__Records shown__
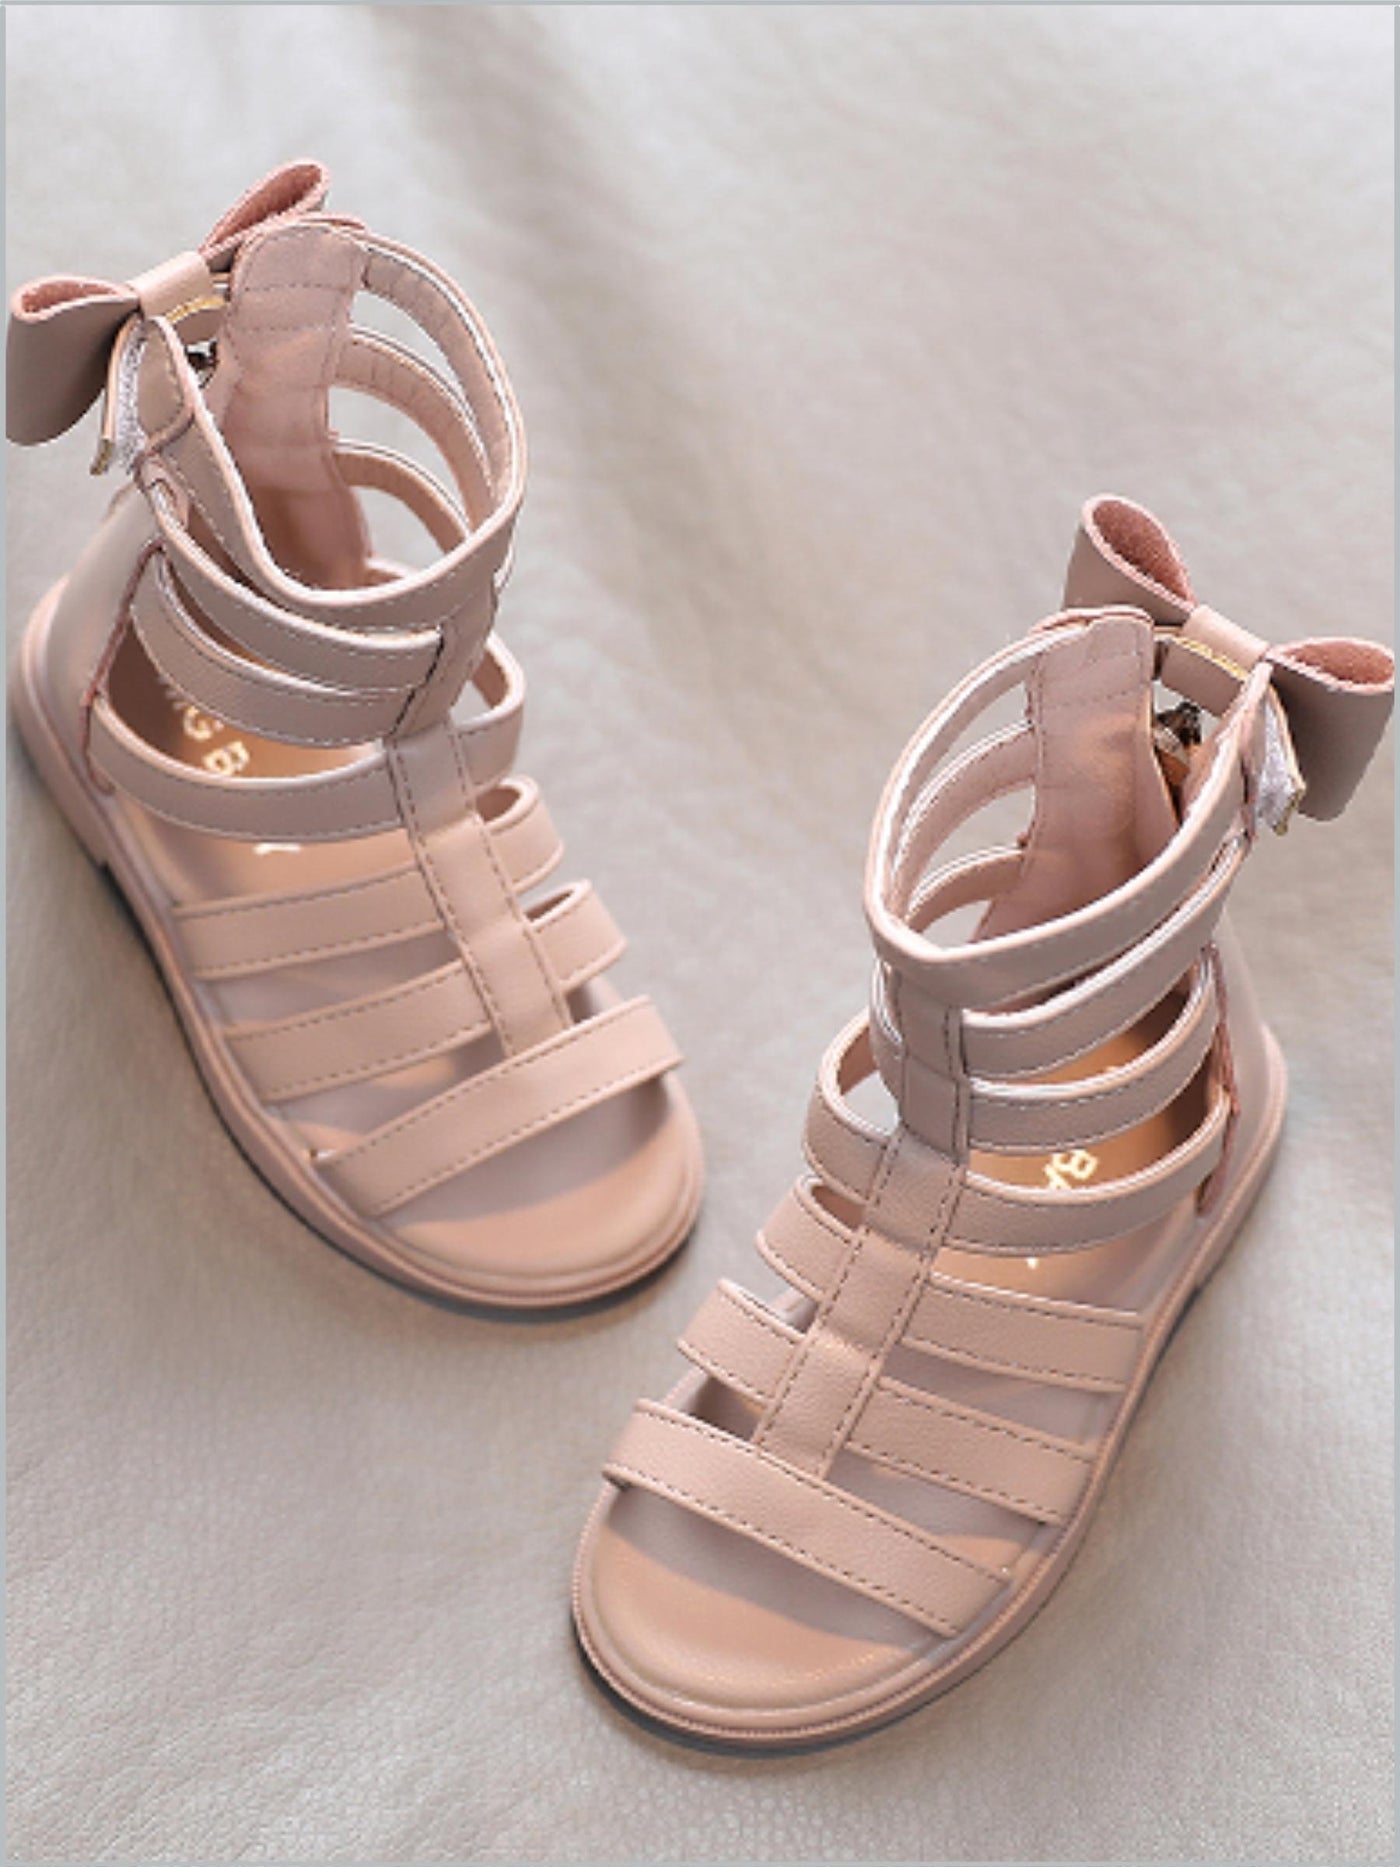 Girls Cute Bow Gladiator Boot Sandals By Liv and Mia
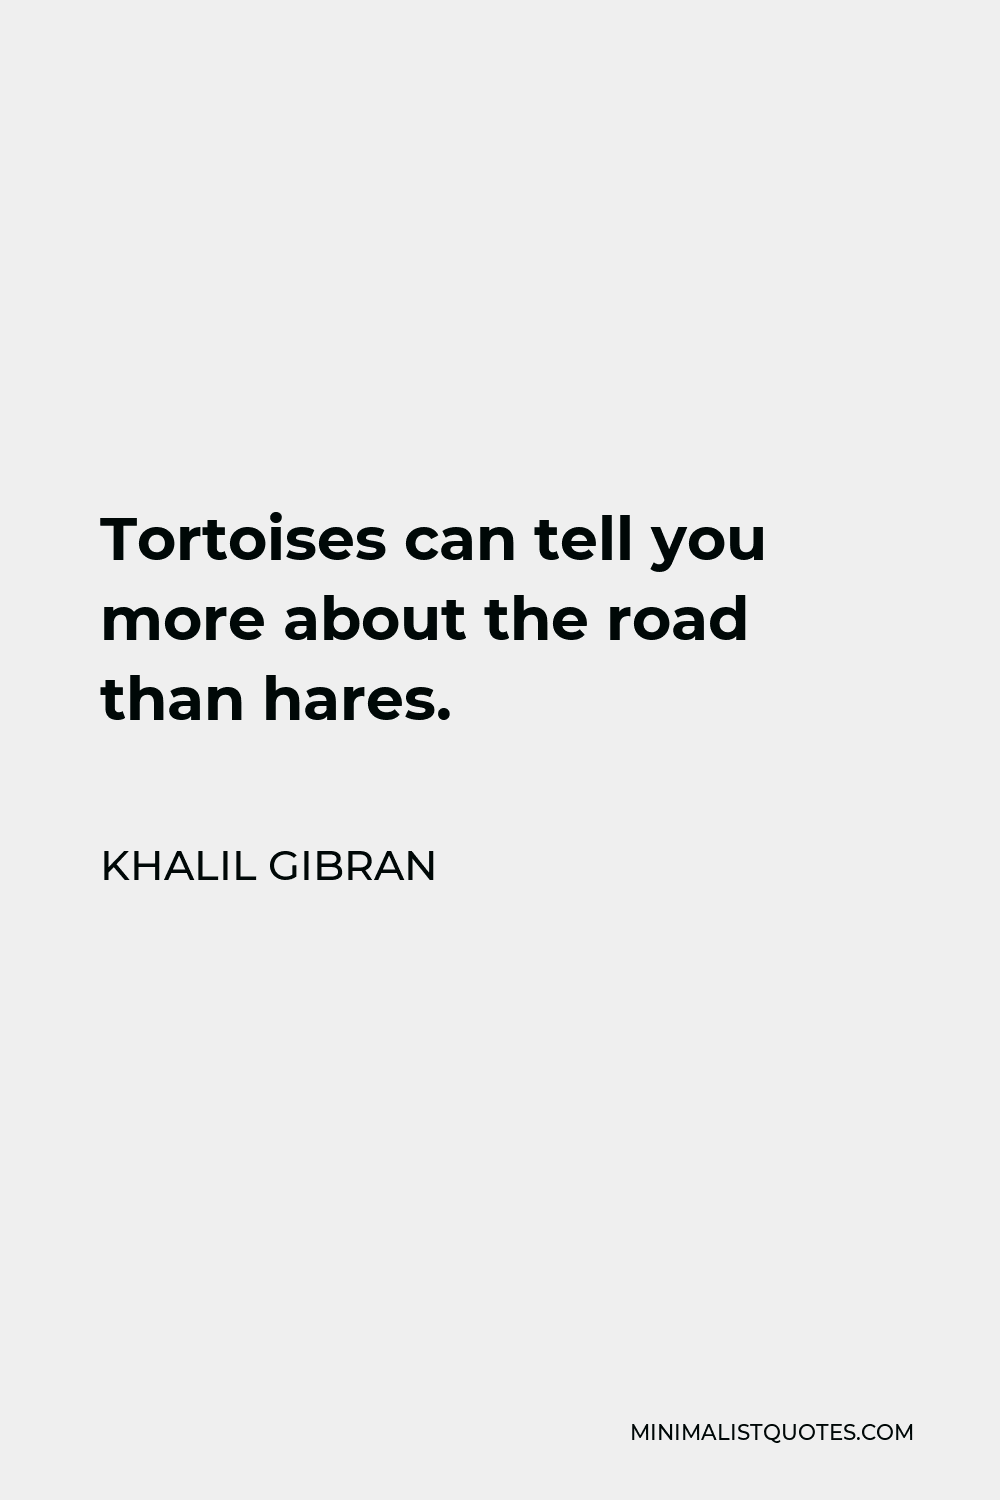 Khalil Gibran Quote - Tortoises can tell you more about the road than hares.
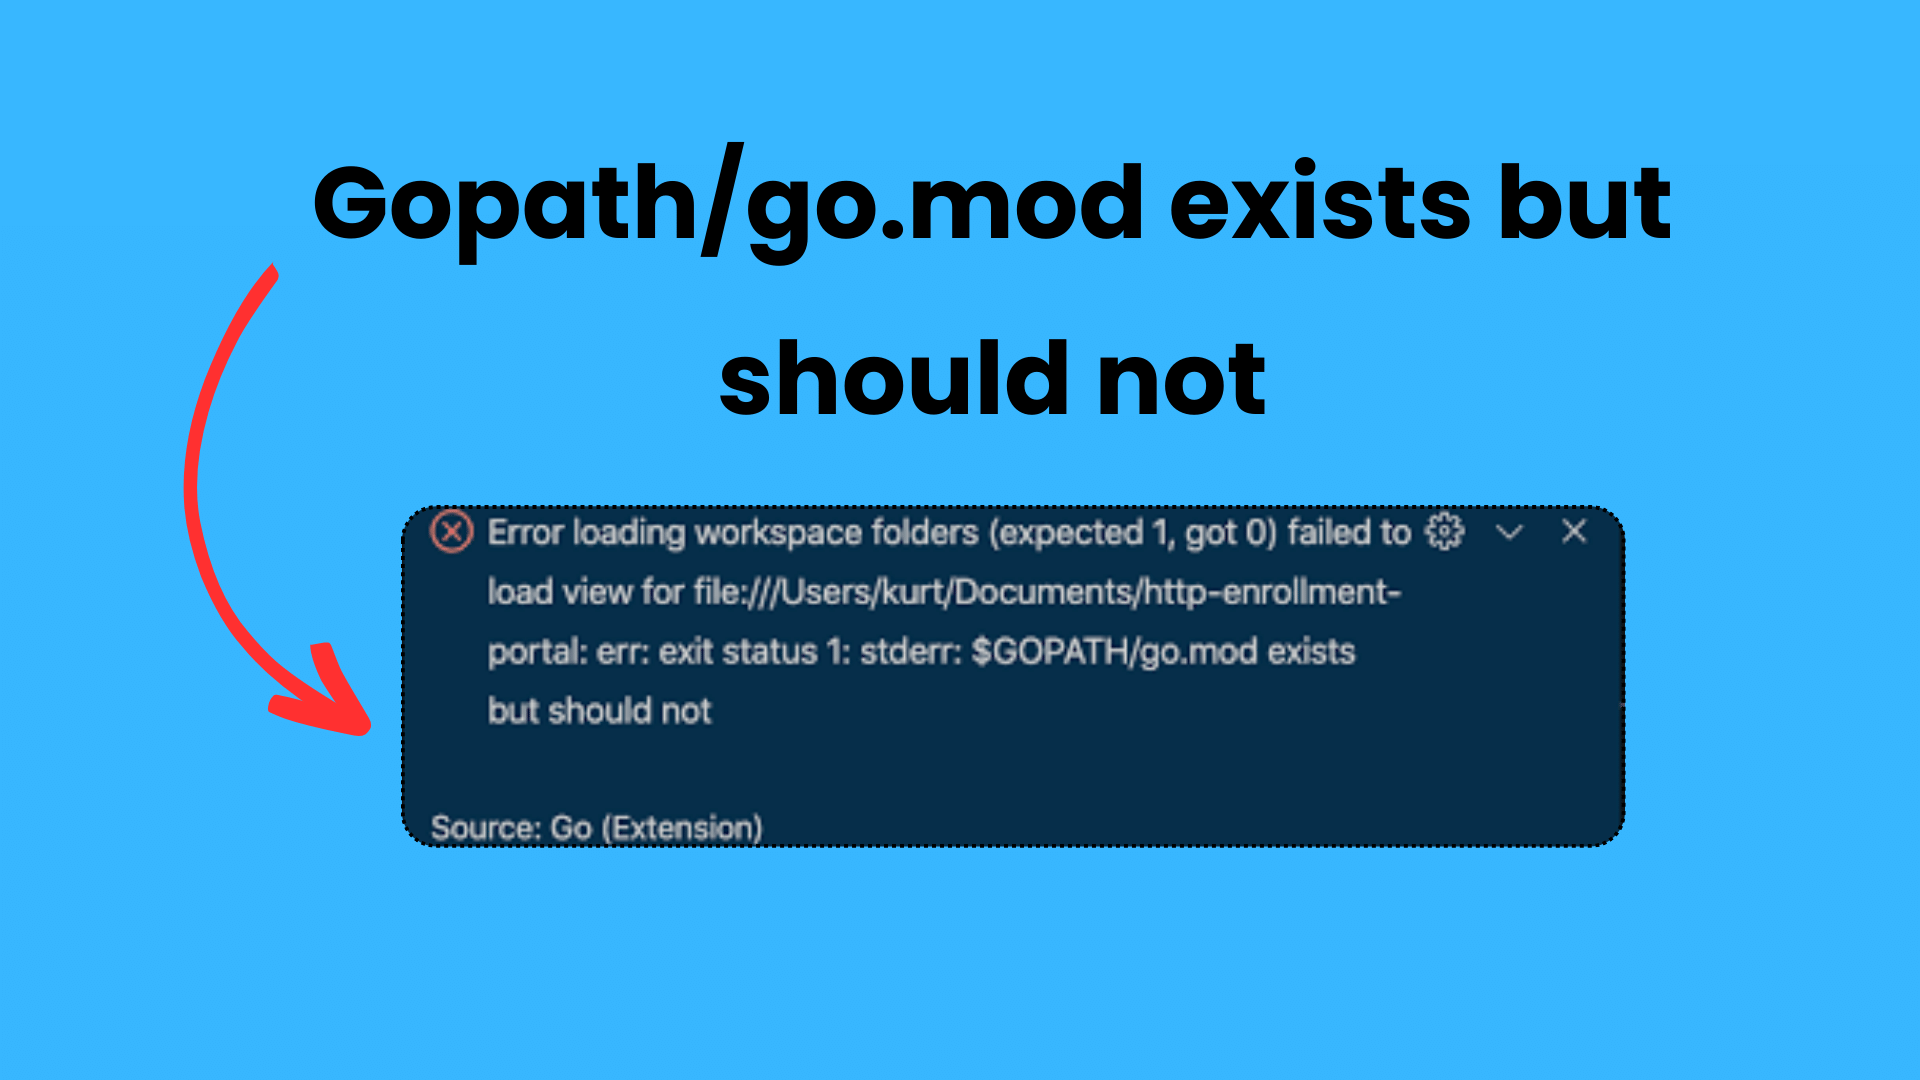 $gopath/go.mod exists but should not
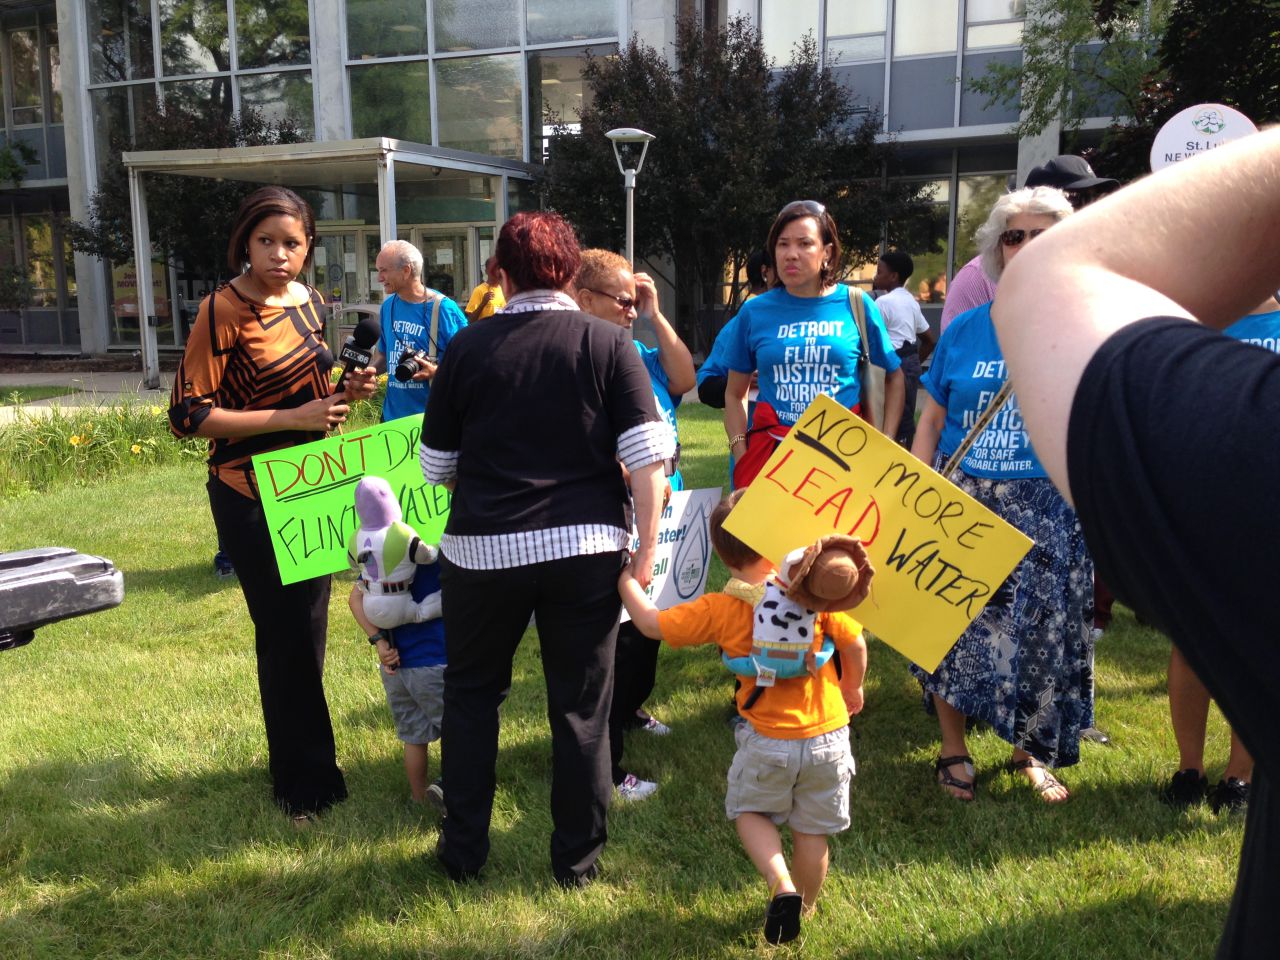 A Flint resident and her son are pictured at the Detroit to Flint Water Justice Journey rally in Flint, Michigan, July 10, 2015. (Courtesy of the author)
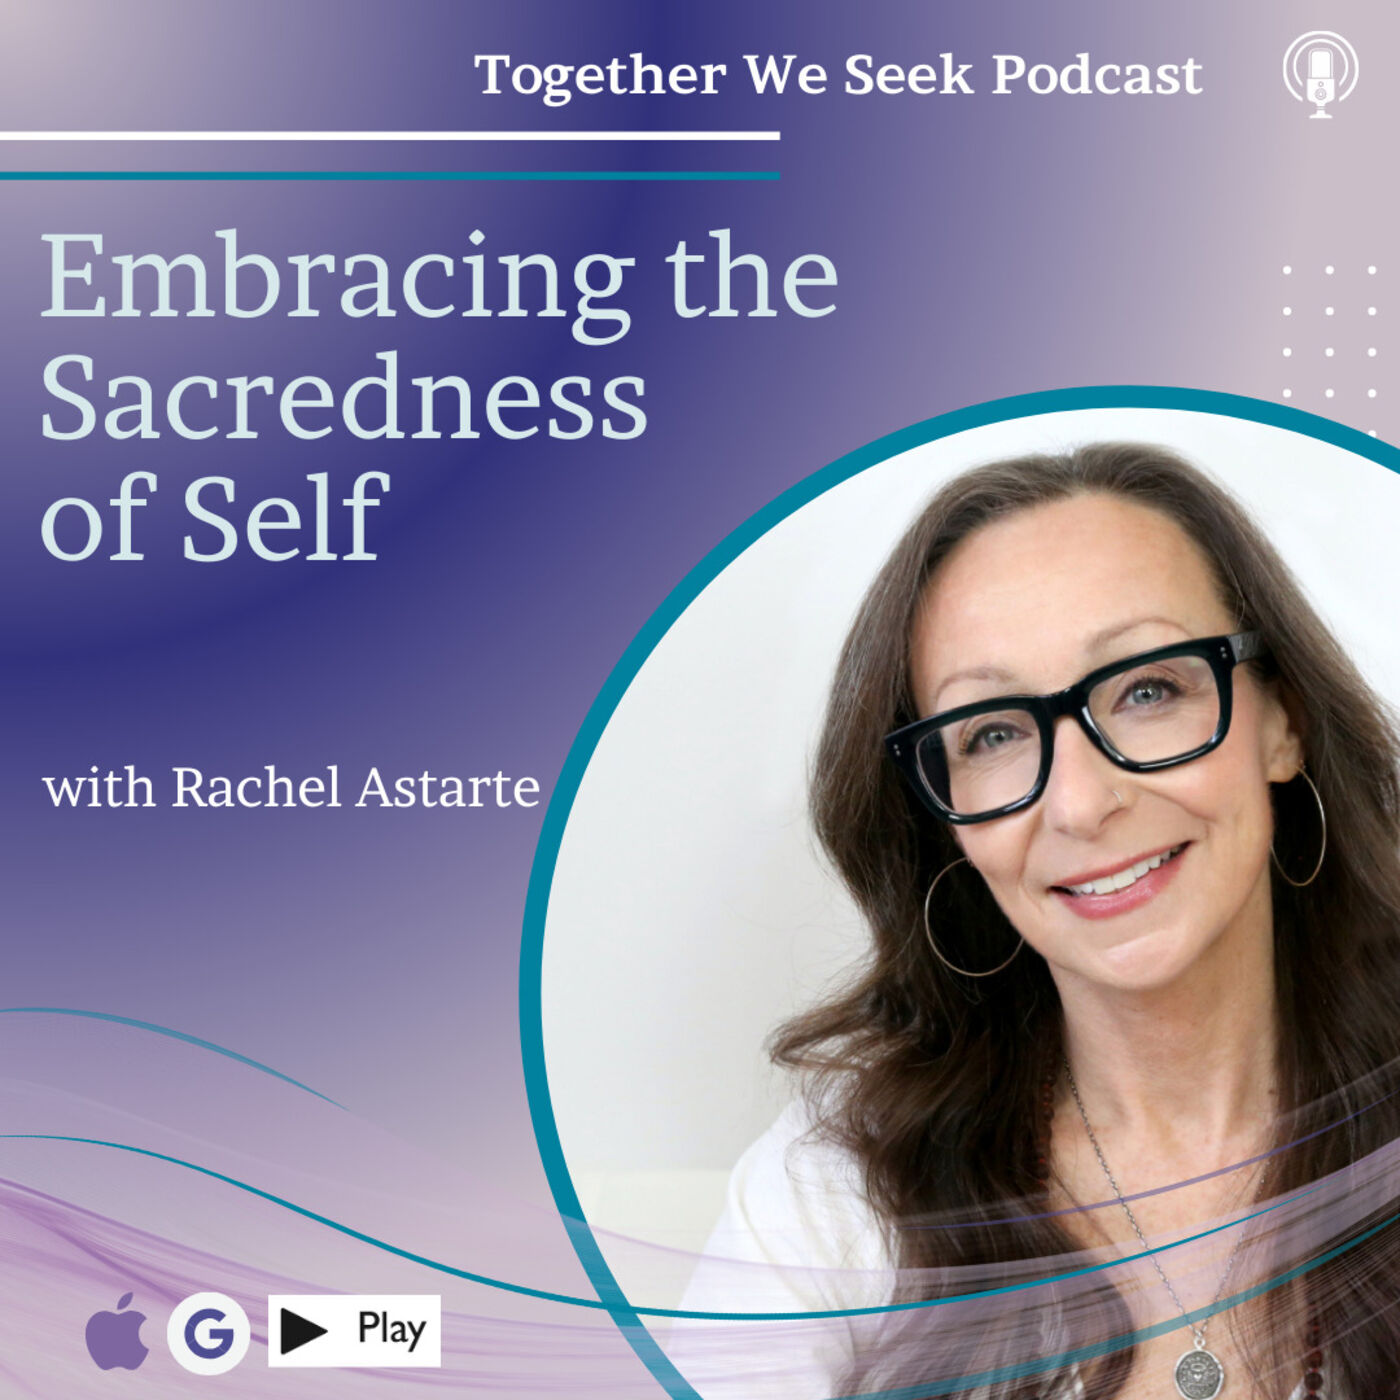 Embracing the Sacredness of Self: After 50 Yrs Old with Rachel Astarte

__What to work on__
Give the listing again word for word. Skip every image.

__Exercise answer__
 Girls Cute Bow Gladiator Boot Sandals By Liv and Mia
 Khalil Gibran Quote - Tortoises can tell you more about the road than hares.
 $gopath/go.mod exists but should not
 A Flint resident and her son are pictured at the Detroit to Flint Water Justice Journey rally in Flint, Michigan, July 10, 2015. (Courtesy of the author)
 Embracing the Sacredness of Self: After 50 Yrs Old with Rachel Astarte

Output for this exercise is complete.